Published in Graphics

Intel patches huge holes in GPU drivers

by on15 March 2019


More holes than Blackburn Lancashire

Chipzilla has patched several high-severity vulnerabilities in its graphics drivers for Windows 10, which could lead to code execution.

Intel has patched 19 vulnerabilities across its popular graphics drivers for Windows 10, including two high-severity flaws.

According to an Intel advisory CVE-2018-12216 and CVE-2018-12214 allow a privileged user to execute arbitrary code via local access.

“Multiple potential security vulnerabilities in Intel Graphics Driver for Windows may allow escalation of privileges, denial-of-service or information disclosure”, Intel said in a Tuesday security advisory. “Intel is releasing Intel Graphics Driver for Windows updates to mitigate these potential vulnerabilities.”

Apparently the more serious of these (CVE-2018-12216) has a CVSS score of 8.2 and stems from insufficient input validation in the kernel mode driver within Intel Graphics Driver for Windows. The kernel mode driver of a graphics driver executes any instruction it needs on the CPU without waiting and can reference any memory address that is available.

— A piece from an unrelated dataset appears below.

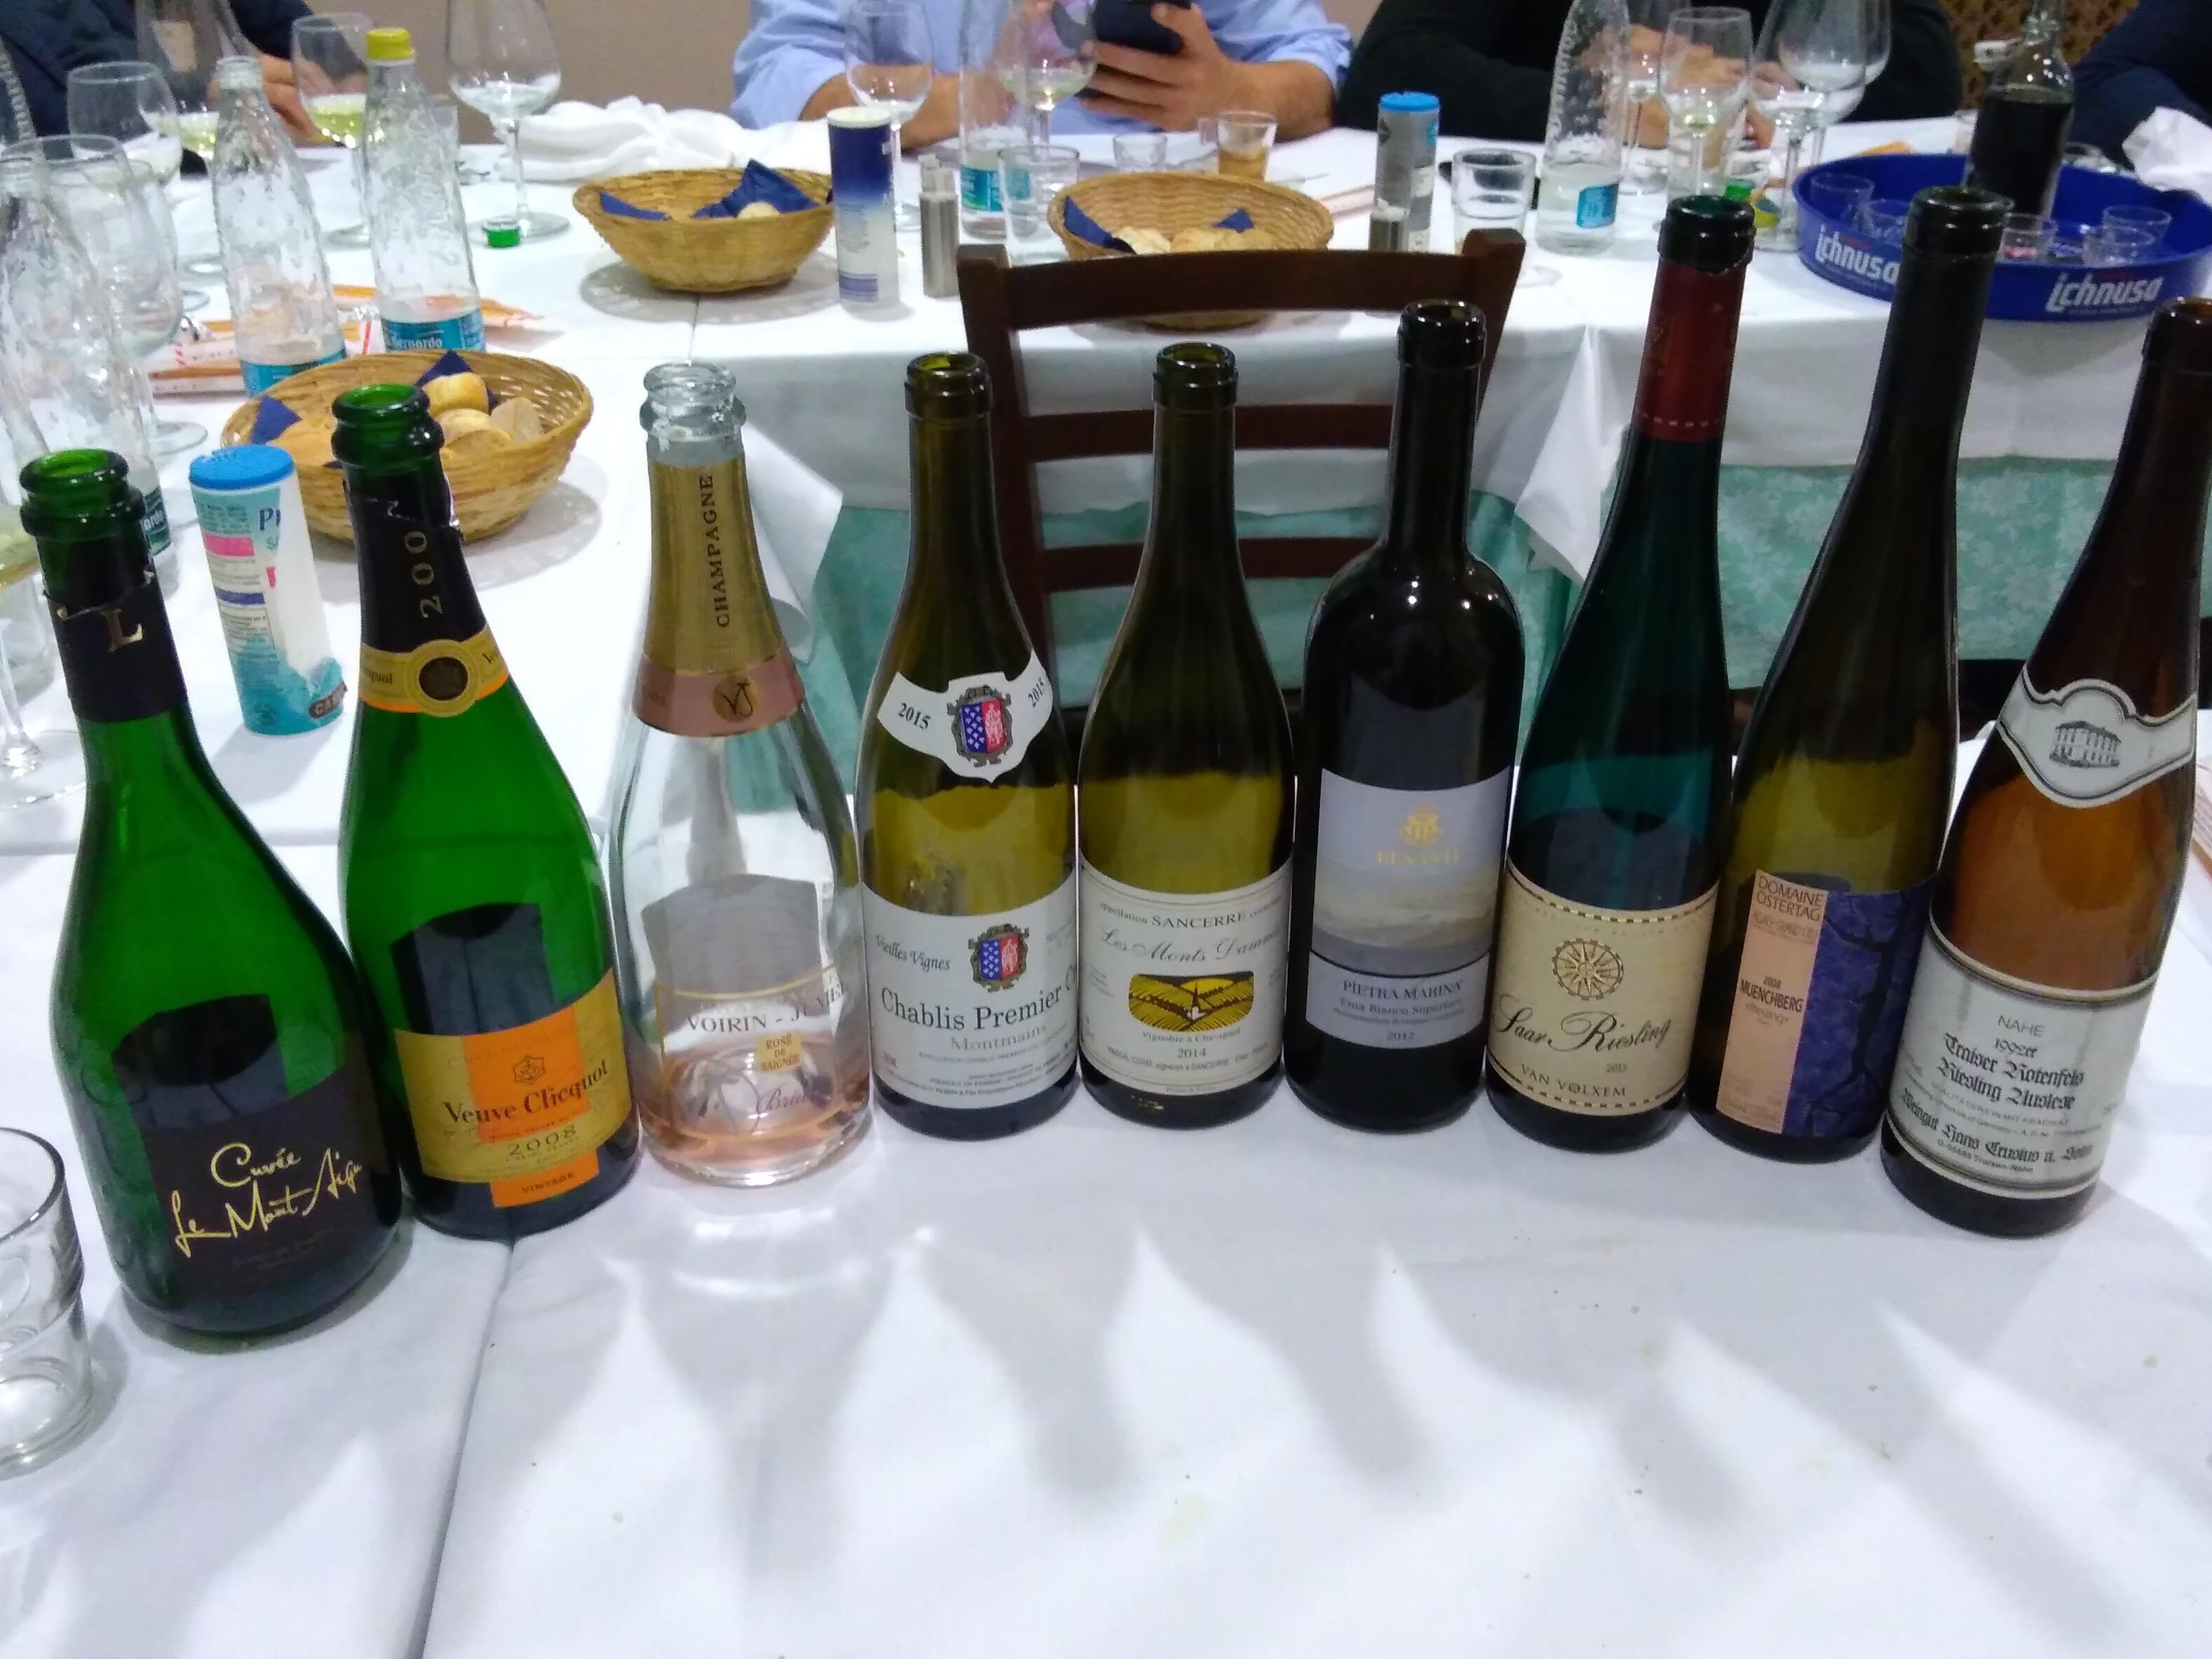 Champagne, riesling e altri bianchi...

The other high-severity vulnerability (CVE-2018-12214) has a CVSS score of 7.3 and exists due to potential memory corruption in the same kernel mode driver.

Impacted versions are those previous to 10.18.x.5059 (aka 15.33.x.5059), 10.18.x.5057 (aka 15.36.x.5057), 20.19.x.5063 (aka 15.40.x.5063) 21.20.x.5064 (aka 15.45.x.5064) and 24.20.100.6373.

Bryan Becker, application security researcher at WhiteHat Security said that this was not the first time Chipzilla has faced vulnerabilities on this scale and it probably would not be the last.

“A vulnerability in CPU architecture is one of the most insidious, as there is very little users can do to protect themselves, short of just not using it until a patch comes out”, he told Threatpost

The graphics driver patches are part of a larger set of fixes across seven Intel products, including its Matrix Storage Manager, Active Management Technology and Accelerated Storage Manager.

Five of these products included high-severity vulnerabilities. Two other of the seven flaws were rated medium in severity, including an escalation of privilege flaw (CVE-2019-0129) in Intel’s USB 3.0 creator utility that exists due to improper permissions (Intel is ultimately discontinuing the hosting and support of this tool).

The other medium-rated vulnerability is a denial of service and information disclosure flaw in Intel’s software guard extensions SDK (CVE-2019-0122).

“Double free in Intel SGX SDK for Linux before version 2.2 and Intel SGX SDK for Windows before version 2.1 may allow an authenticated user to potentially enable information disclosure or denial of service via local access”, Intel said.

To be fair, Intel said that there had been no real-world exploits from any of the vulnerabilities.

Intel told Threatpost it is not aware of any of the vulnerabilities being used in real-world exploits. So the hackers had not spotted the problems either.